In 2003, the Humanist Party began a campaign entitled "Humanize Toronto", calling for an end to homelessness and free Toronto Transit Commission access on smog days. It also released an alternative budget for the city. The party's candidates and electoral results from 2003 are listed here.

==Party candidates==
===Jorge Van Schouwen===

Van Schouwen is a perennial candidate for office. He campaigned in the 1985 Quebec election in Mont-Royal as a candidate of the Parti humaniste du Québec, and received 54 votes, finishing eighth against Liberal candidate John Ciaccia. He was 31 years old at the time (Montreal Gazette, 25 November 1985). He received 99 votes in the 1999 Ontario election, finishing seventh against Liberal Gerard Kennedy in Parkdale—High Park.

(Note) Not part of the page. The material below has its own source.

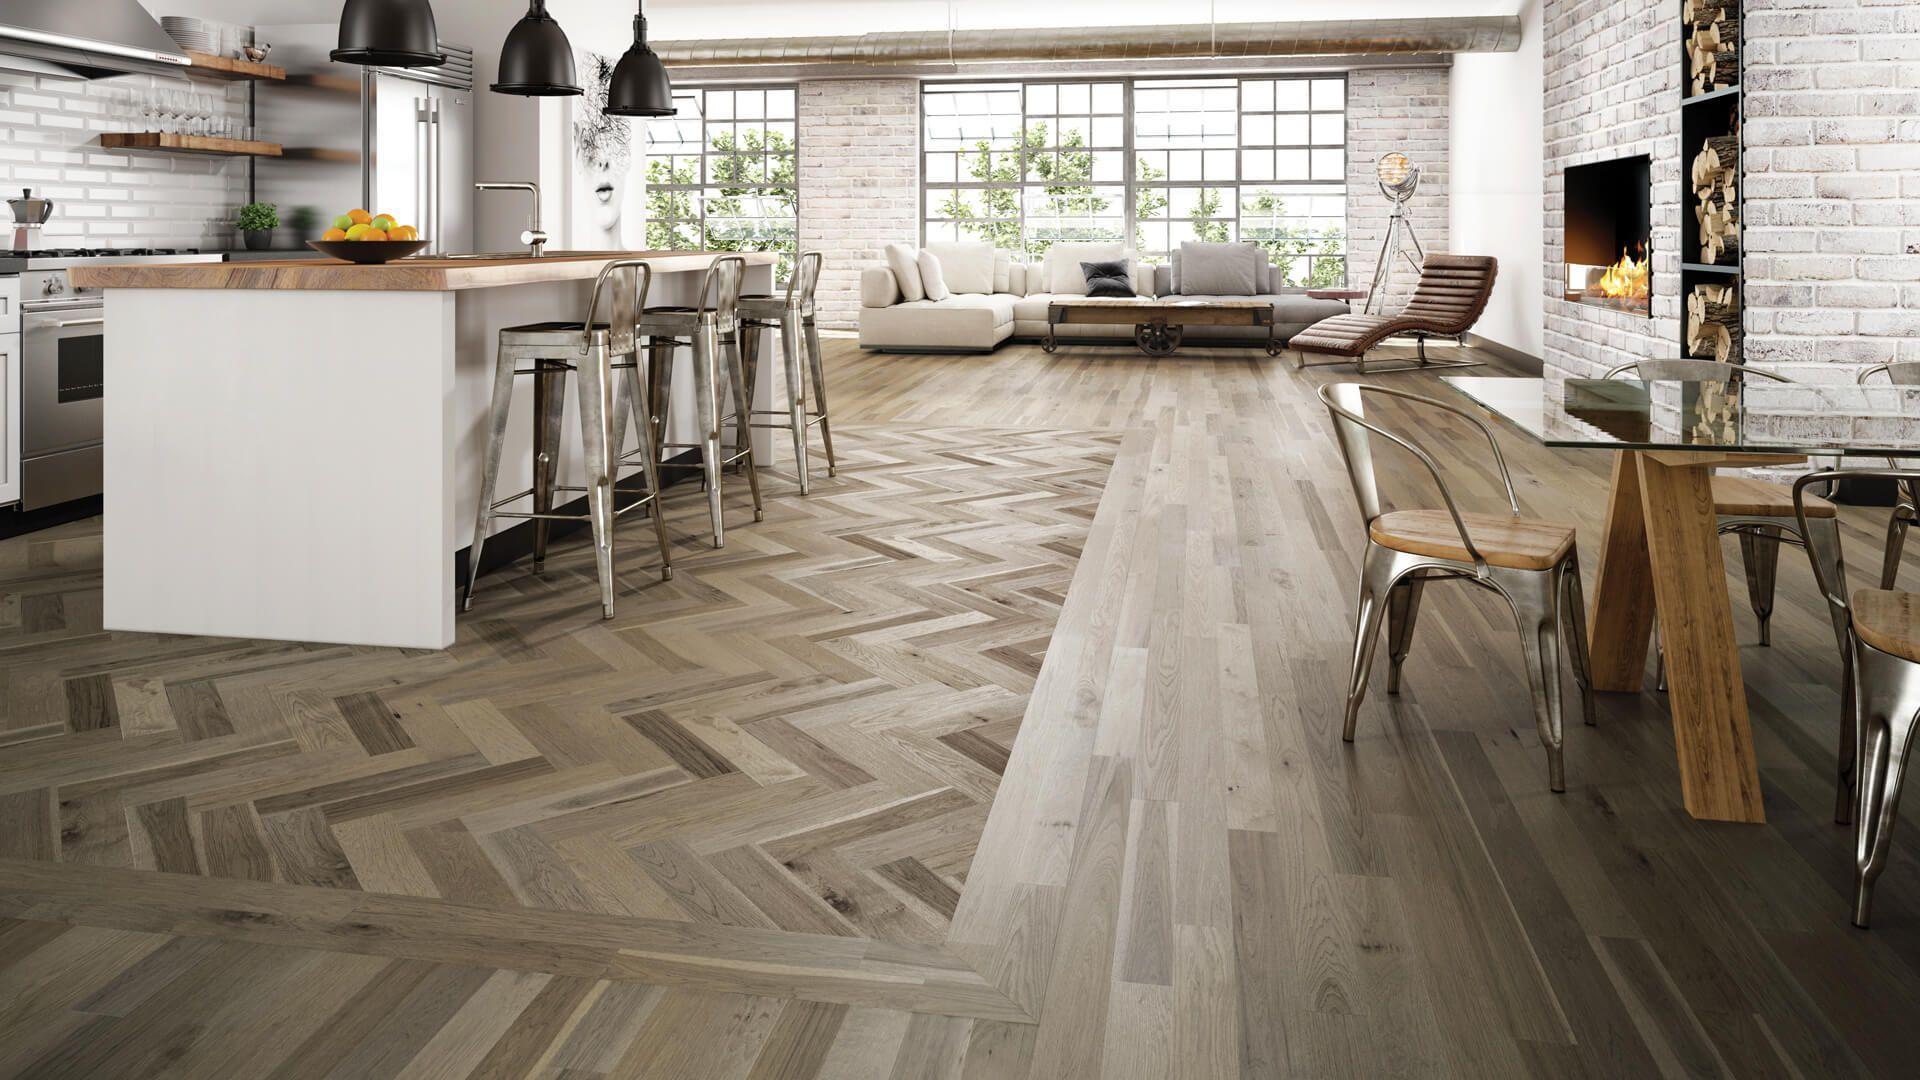 15 Mind Blowing Kitchen Flooring Ideas Photos And Galleries Flooring Galleries Ideas Kit In 2020 Hardwood In Kitchen Hardwood Floors In Kitchen Best Wood Flooring

His electoral record at the municipal level is as follows:

- 1997 Toronto election, Ward 19, 599 votes, eighth out of eight candidates. The winners for this two-member ward were David Miller and Chris Korwin-Kuczynski.
- 2000 Toronto election, Ward 14 Councillor, 416 votes, fourth out of four candidates. The winner was Chris Korwin-Kuczynski.

===Roberto Verdecchia===

Verdecchia is the co-founder of Annex newspaper. He supports lowering the voting age to sixteen, and entrenching the right to health care and free post-secondary education in the Canadian Constitution (Toronto Star, 30 May 1997). In 1996, he participated in a press conference with David Suzuki to draw attention to a boycott of the pulp and paper multinational firm Daishowa, and Daishowa's subsequent lawsuit against those behind the boycott.

He has also produced "Making a Killing: Canada and the Arms Trade".

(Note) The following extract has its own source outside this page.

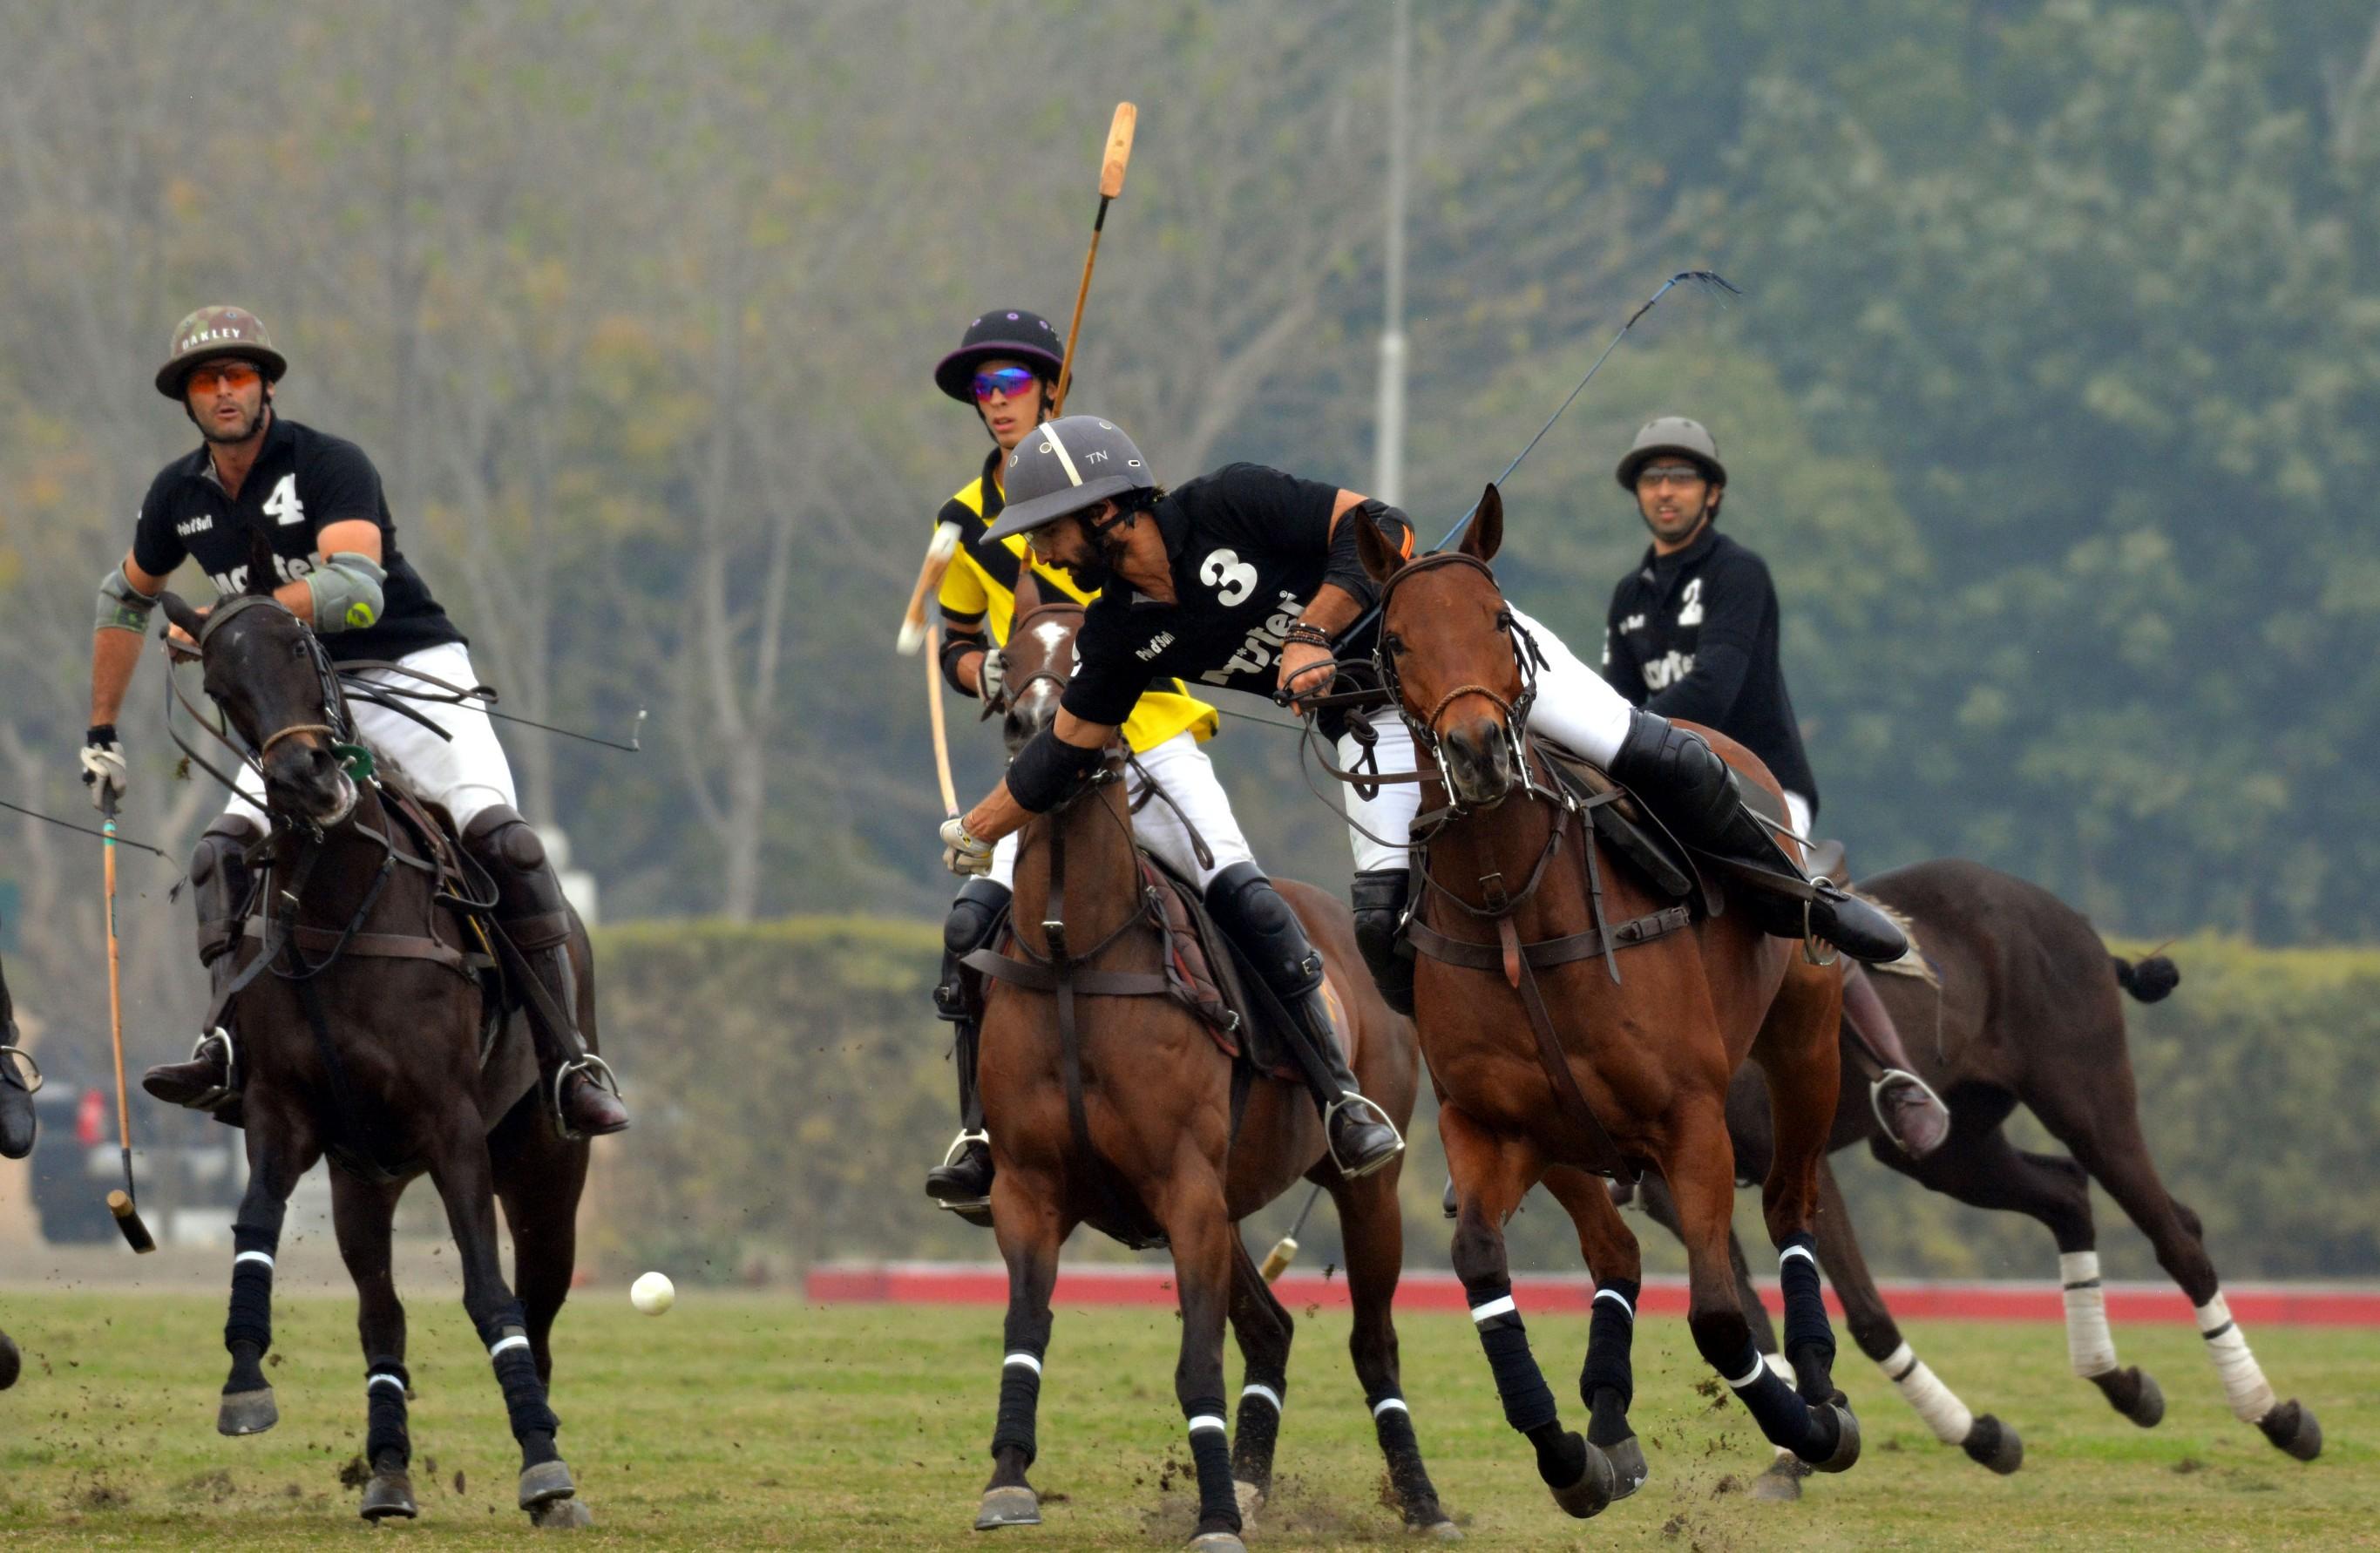 Hamdan Aibak Polo Cup 2019

Verdecchia opposed plans for a bridge to the Toronto airport in the 2003 municipal election, and called for the establishment of "micro-banks" to provide interest-free loans in different neighbourhoods (Toronto Star, 6 November 2003). He was listed as 32 years old.

Electoral record
| Election | Division | Party | Votes | % | Place | Winner |
|---|---|---|---|---|---|---|
| 1997 federal | Trinity—Spadina | Ind. | 129 |  | 10/10 | Tony Ianno, Liberal |
| 1997 municipal | Ward 24 Council | - | 787 | 1.58 | 8/9 | Olivia Chow and Kyle Rae |
| 1999 provincial | Trinity—Spadina | Ind. | 258 | 0.72 | 6/8 | Rosario Marchese, New Democratic Party |
| 2000 municipal | Ward 20 Council | - | 1,126 | 9.59 | 3/3 | Olivia Chow |
| 2003 municipal | Ward 20 Council | - | 484 | 4.77 | 4/5 | Olivia Chow |

The party's other candidate in the 1999 provincial election was Matthew Albrecht of Kitchener—Waterloo, who received 202 votes.